Tuesday, June 19, 2007

The Door

When I bought the crappy eBay truck from the nice farm boy in Indiana (not to be confused with the one I bought from the nice farm boy in Nebraska), it came with a bunch of extra parts...a fuel pump, a stick shift knob a few pieces of trim...and a door.

It was, in fact, the original driver's door that had been nailed in a T-bone collision and was caved in pretty bad. But it had good parts to cannibalize for the new junkyard door that replaced it...A mirror, a door handle, a window crank and the piece of red pleather vinyl-ette that matched the vinyl-ette of the rest of the interior.

So I cannibalized all the parts I could use, and then I was left with an old, stripped, caved-in door. So I threw it in the back of the truck, fully intending to keep my eye out for an unprotected dumpster and pitch it in. But an unprotected dumpster is harder to find than one might imagine. Dumpster space is valued at approximately the same level as extra room on the space shuttle...and who's going to want to take an old Ford pickup truck door into orbit?

So I drove around with it. Occasionally I'd see a dumpster that met my criteria, but then I felt guilty. Who knows how many starving Malaysian babies had to work 20 hours in the factories to import cheap knock-off clothes so that Wal-Mart could afford to rent that huge-ass dumpster? Or how many PETA-worthy rats were making their home in that dumpster, and might be unknowingly crushed under that door? Better to keep driving.

So...what? 10 months later?...it's finally Southern Illinois' most anticipated and revered holiday: Big Pickup Day. That's day that the garbage haulers will take anything you can drag out to the curb. If I tell you this has been the sole topic in town this week, on par with VE Day or the Kennedy assassination, I'm underreporting it's magnitude.

Neighbors stop in traffic to remind each other, "Hey! Don't forget it's Big Pickup Day this week!" Fliers are posted on light poles and store windows. I think there might be a Big Pickup Day Festival and the crowning of the Big Pickup Day Queen.

Our Big Pickup Day celebration included, inevitably, the Door. And as I dragged it's rusty battered carcass to the curb and leaned it up against the sofa that John killed Jody on, I felt sort of nostalgic. The Door's been my runnin' buddy for the last year. Me and the Door were tight, man.

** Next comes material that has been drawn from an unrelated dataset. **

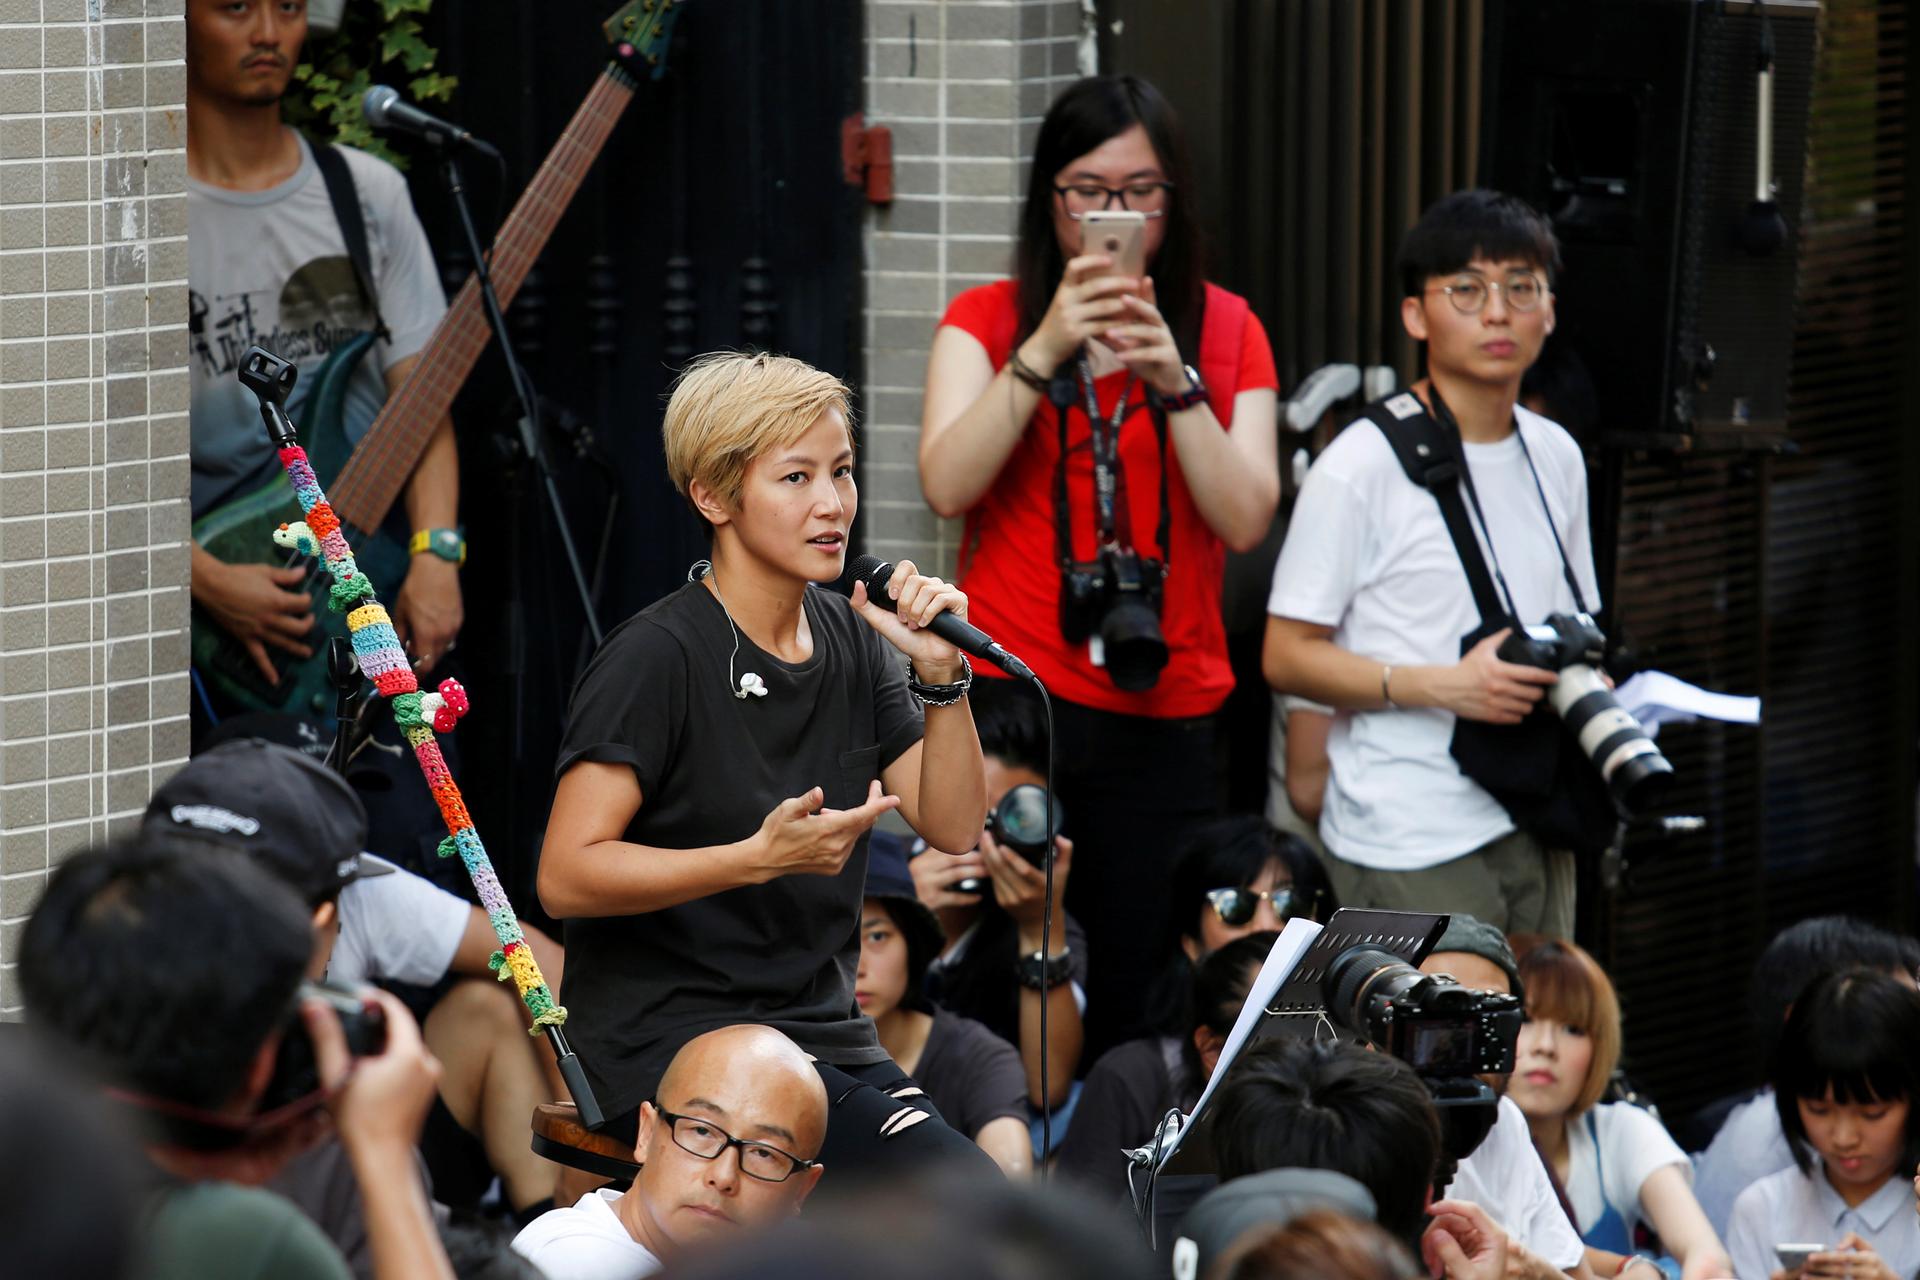 A woman holds a microphone in a crowd.

I thought about popping open a cold Schlafly's and leaving it out with my pal, the Door. But instead I drank the Schlafly's and composed a little ode to the Door:


Door, Door, we were never at war.
No matter how rainy,
your love never waney-ed...for me.

I'll miss you, my Door,
Laying on my truck floor,
Way more than I'll miss
My last 15 girlfriends.

RIP in peace, Door.

2 comments:

Anonymous said...

In NE Indiana, we too know the value of an unlocked dumpster. I am blessed - truly blessed - to have over 15 of them on my way to work. All unlocked, all as empty as the day they were off-loaded behind our local outlet mall, and all mysteriously emptied by the time I head by w/my next load of junk. It's a wonderful life we lead up here! Robin

Suzanne said...

You know what's ironic? There's a version of big pickup day in Winnetka (a fancy northern suburb od Chicago for anyone unfamiliar with it, in which case you should consider yourself lucky, but I digress). On that day, all the rich people throw out mostly and perfectly good items that other people really want. What winds up happening is that people drive by in their vans or pick up trucks and take the stuff home with them. The garbage companies come later, and generally there's no more trash than usual. It's a sad statement on haves and have-nots.